- Country: China
- Location: Muli Tibetan Autonomous County, Sichuan Province
- Coordinates: 28°5′23.69″N 100°56′2.70″E﻿ / ﻿28.0899139°N 100.9340833°E
- Purpose: Power
- Status: Operational
- Construction began: 2009
- Opening date: 2015

Dam and spillways
- Type of dam: Arch, roller-compacted concrete
- Impounds: Muli River
- Height: 132 m (433 ft)
- Width (crest): 7 m (23 ft)
- Width (base): 26 m (85 ft)

Reservoir
- Total capacity: 186,900,000 m^{3} (151,500 acre⋅ft)
- Catchment area: 8,603 km^{2} (3,322 mi^{2})
- Surface area: 4.97 km^{2} (1.92 mi^{2})

Lizhou Hydropower Plant
- Coordinates: 27°58′46.35″N 101°0′11.09″E﻿ / ﻿27.9795417°N 101.0030806°E
- Commission date: 2016
- Type: Conventional, diversion
- Hydraulic head: 177 m (581 ft)
- Turbines: 3 x 115 MW, 2 x 5 MW Francis-type
- Installed capacity: 355 MW

= Lizhou Dam =

The Lizhou Dam is a run-of-the-river hydroelectric arch dam on the Muli River in Muli Tibetan Autonomous County, Sichuan Province, China.

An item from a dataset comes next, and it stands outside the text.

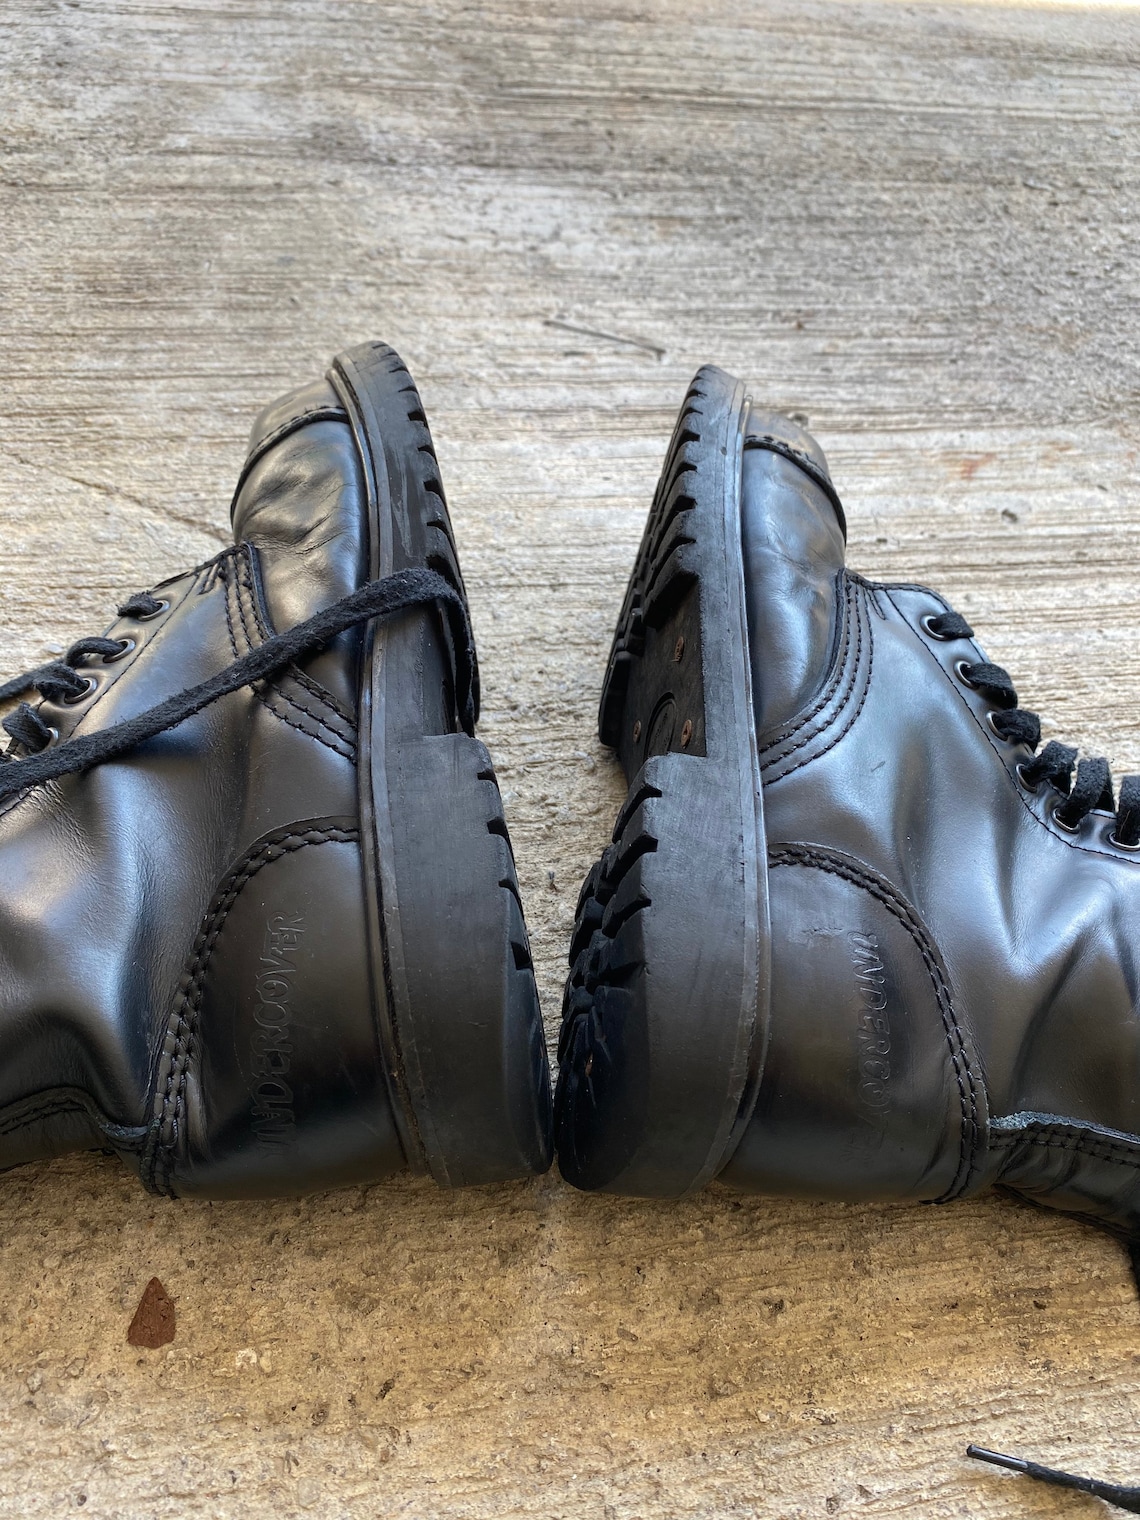 Undercover Combat Boots Black Steel Toe Size 7 | Etsy

The primary purpose of the dam is hydroelectric power generation, with its 355 MW power station located 14.5 km to the southeast of the dam. The difference in elevation between the reservoir and power station affords a hydraulic head (water drop) of 177 m.

Preliminary construction on the project began in 2009 and the superstructures were approved in 2011. Pouring of roller-compacted concrete for the dam began in 2012. The dam began to impound its reservoir in December 2015. Lizhou Dam started producing its power in 2016, when the whole facility was commissioned.